## Exercise:
Retype the data below exactly, skipping pictures.

## Dataset content:
+++
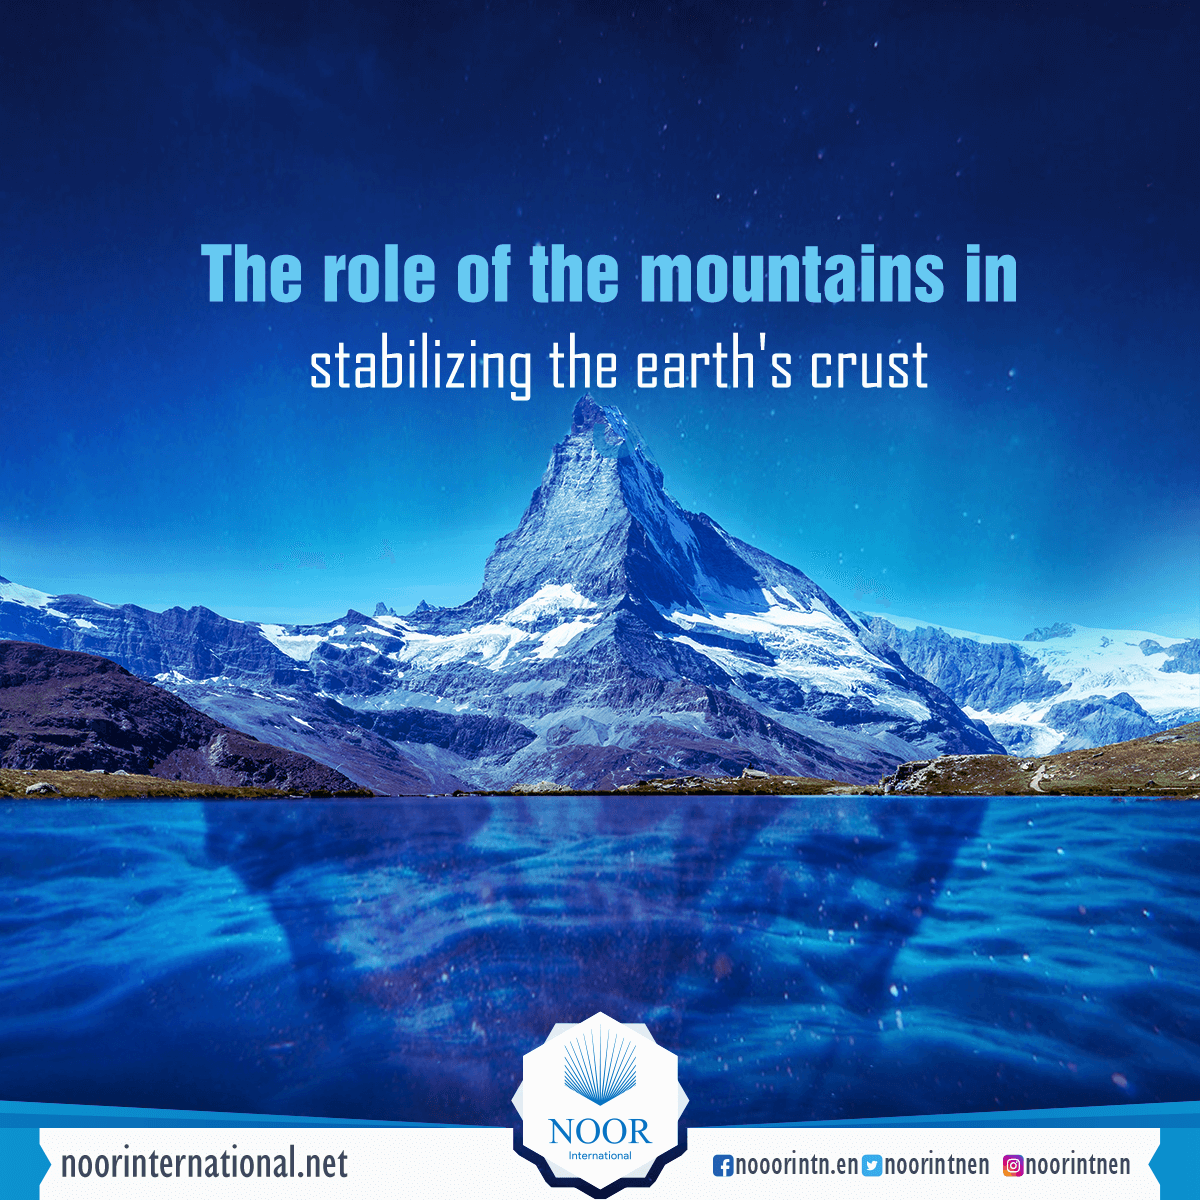 The role of the mountains in stabilizing the earth's crust
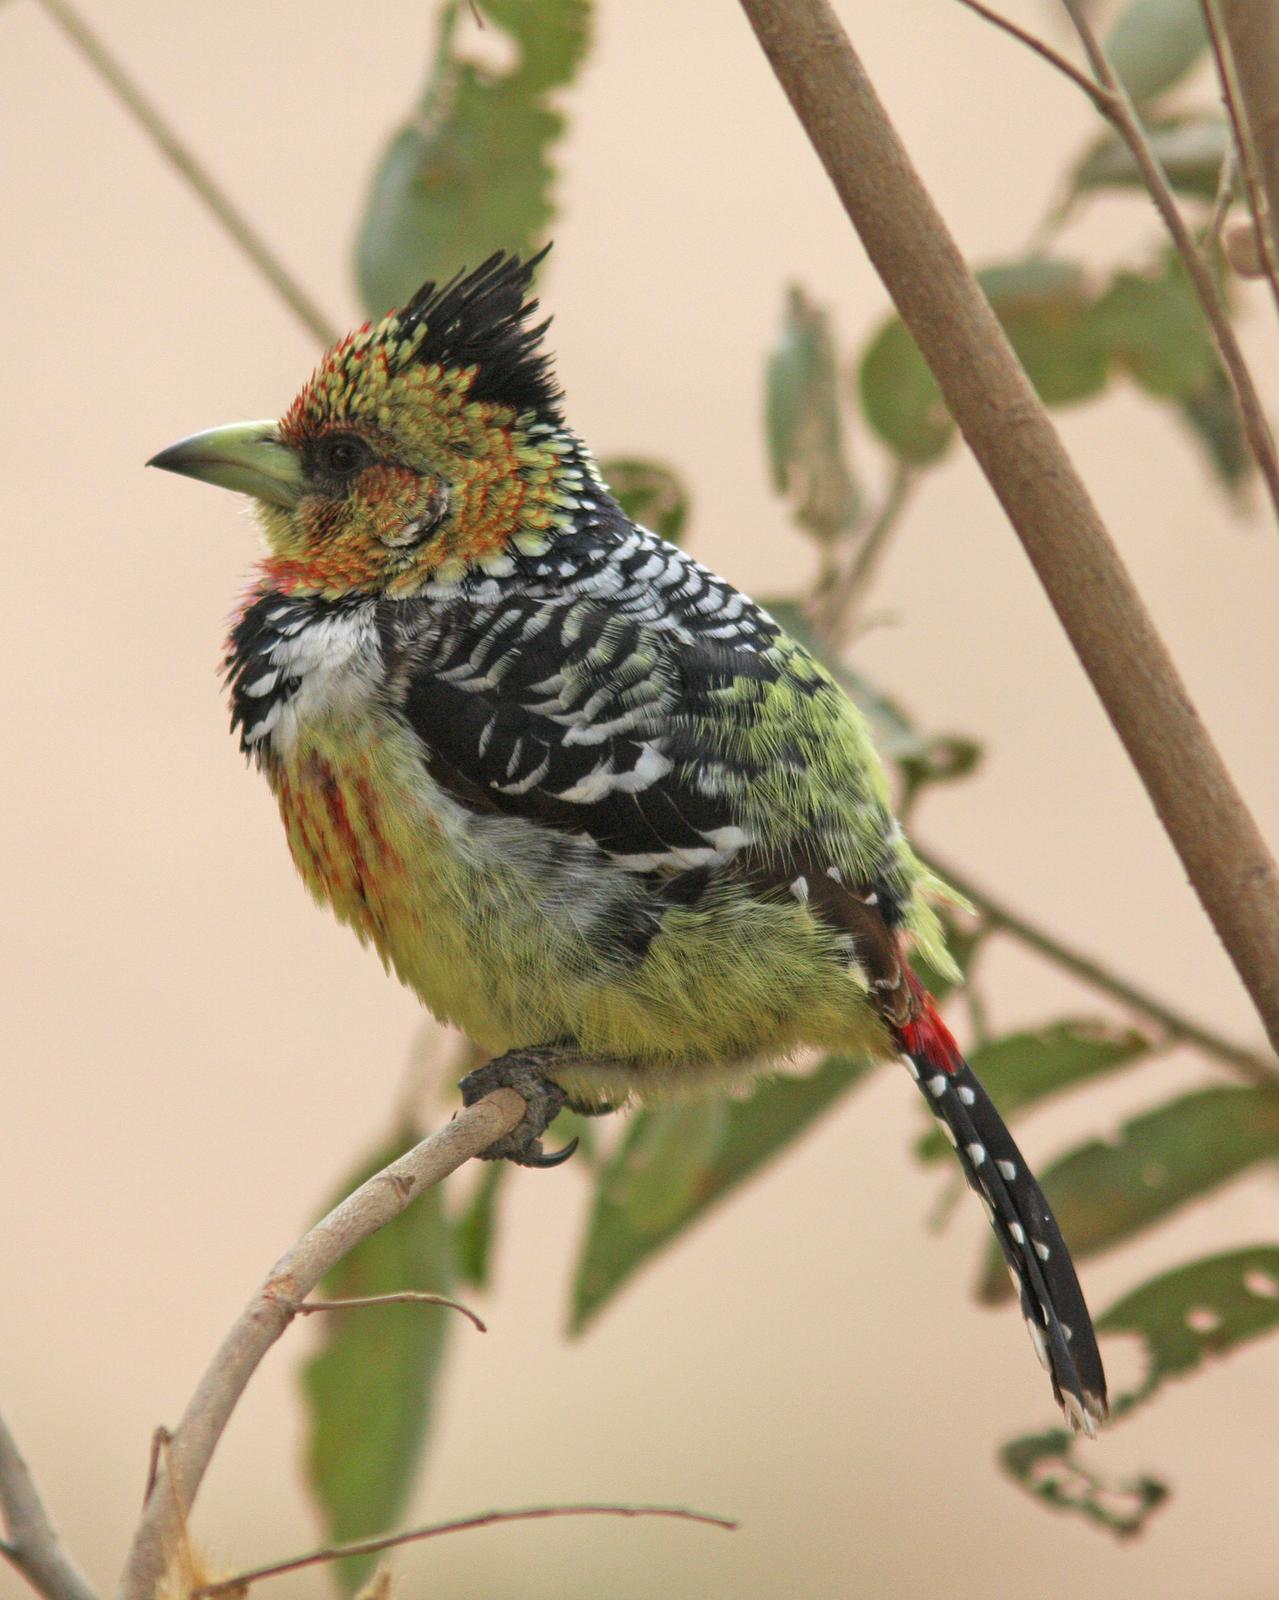 Crested Barbet Photo by Henk Baptist
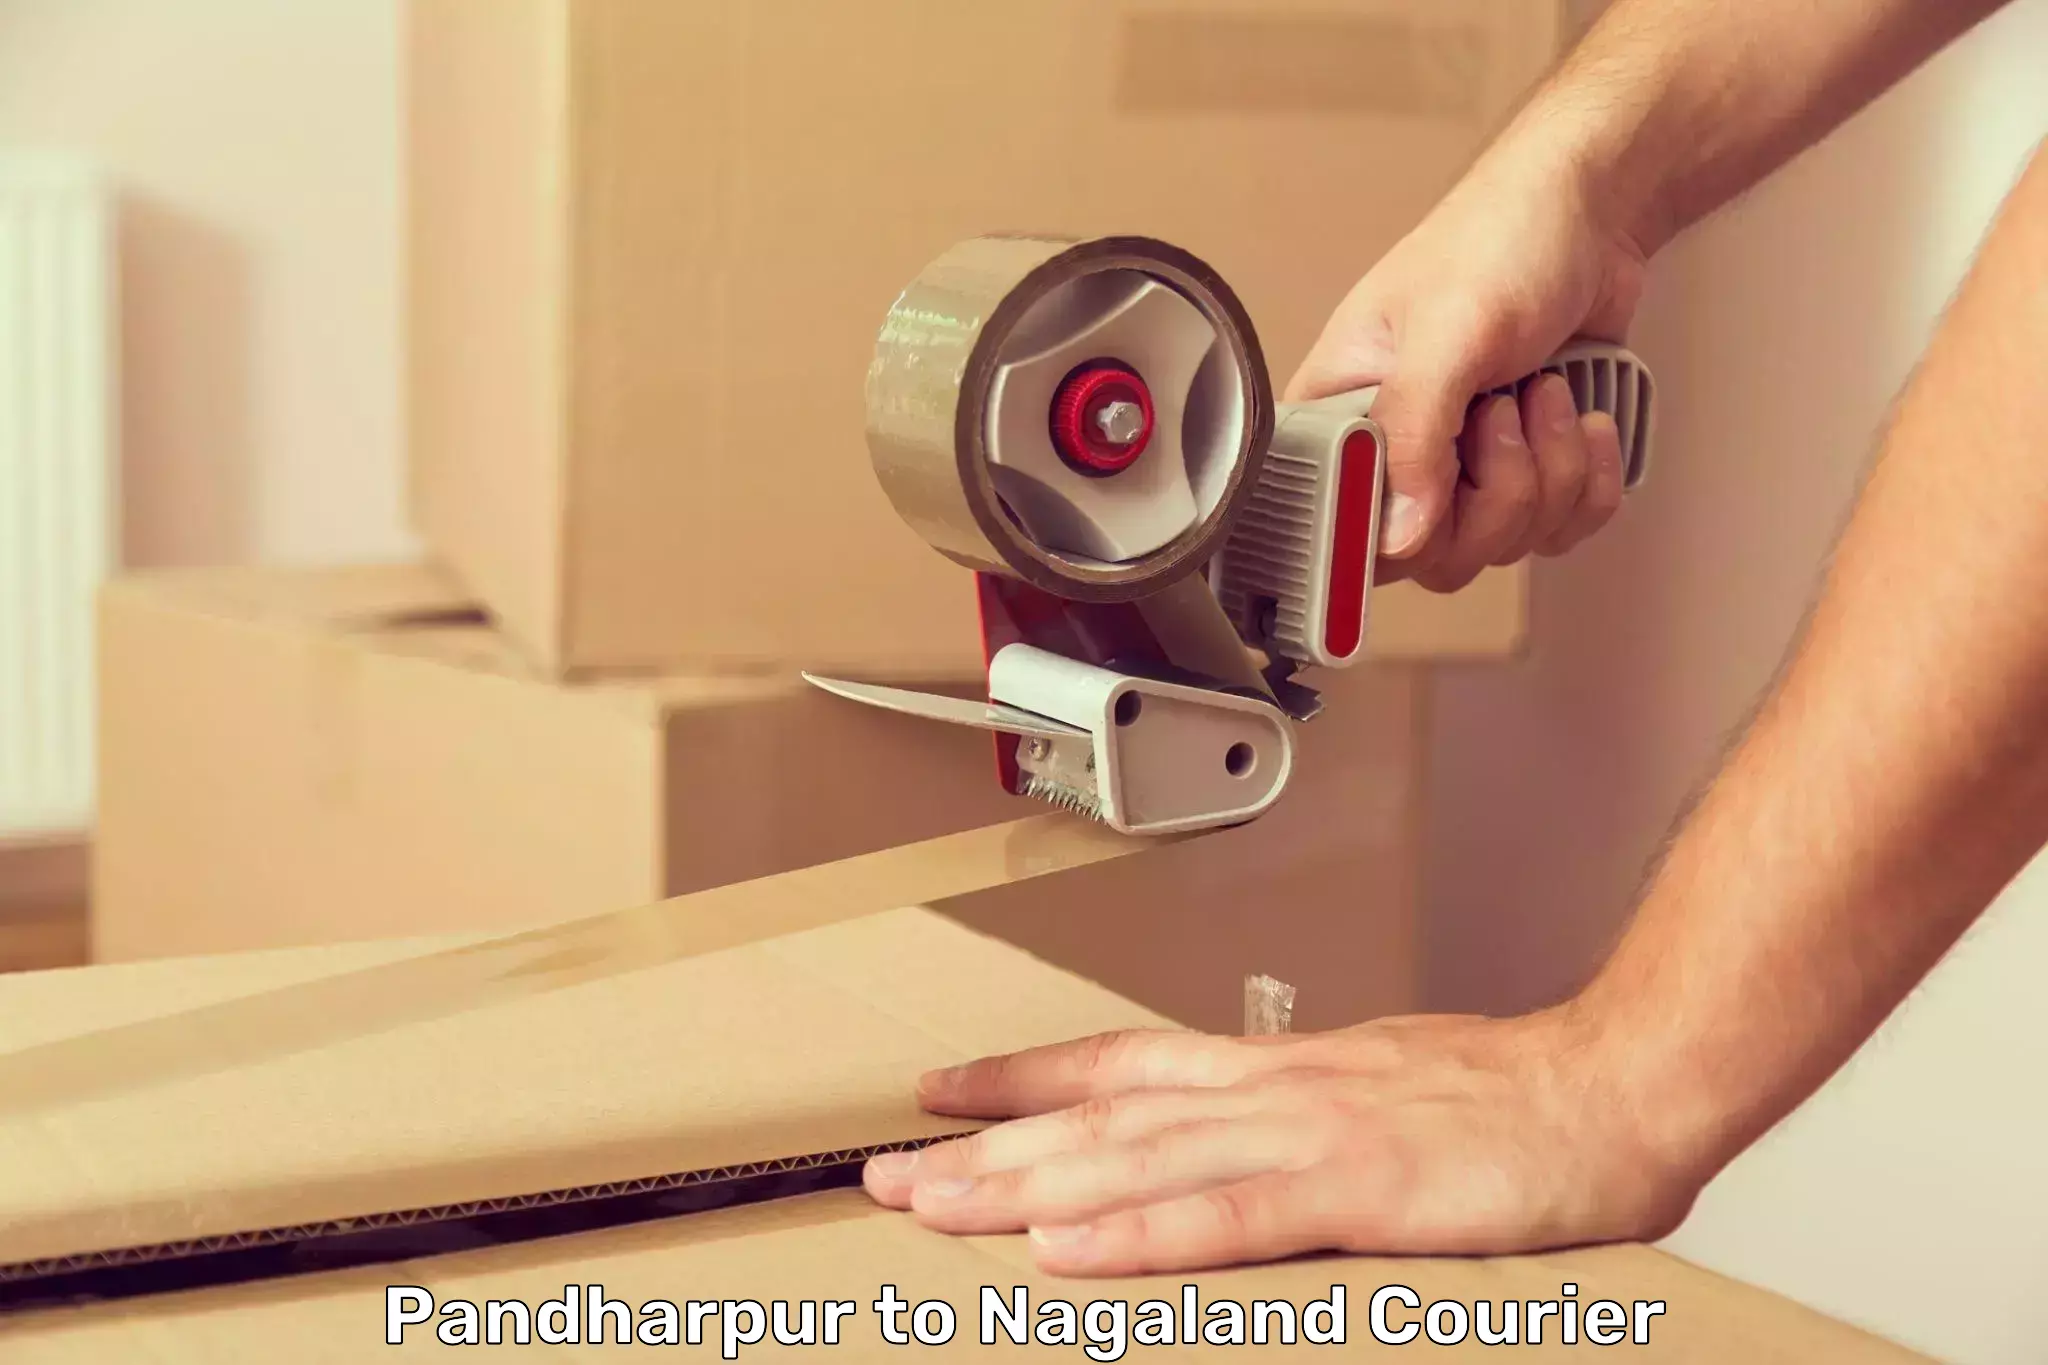 Nationwide courier service Pandharpur to Nagaland
+++
## Answer space:
 The role of the mountains in stabilizing the earth's crust
 Crested Barbet Photo by Henk Baptist
 Nationwide courier service Pandharpur to Nagaland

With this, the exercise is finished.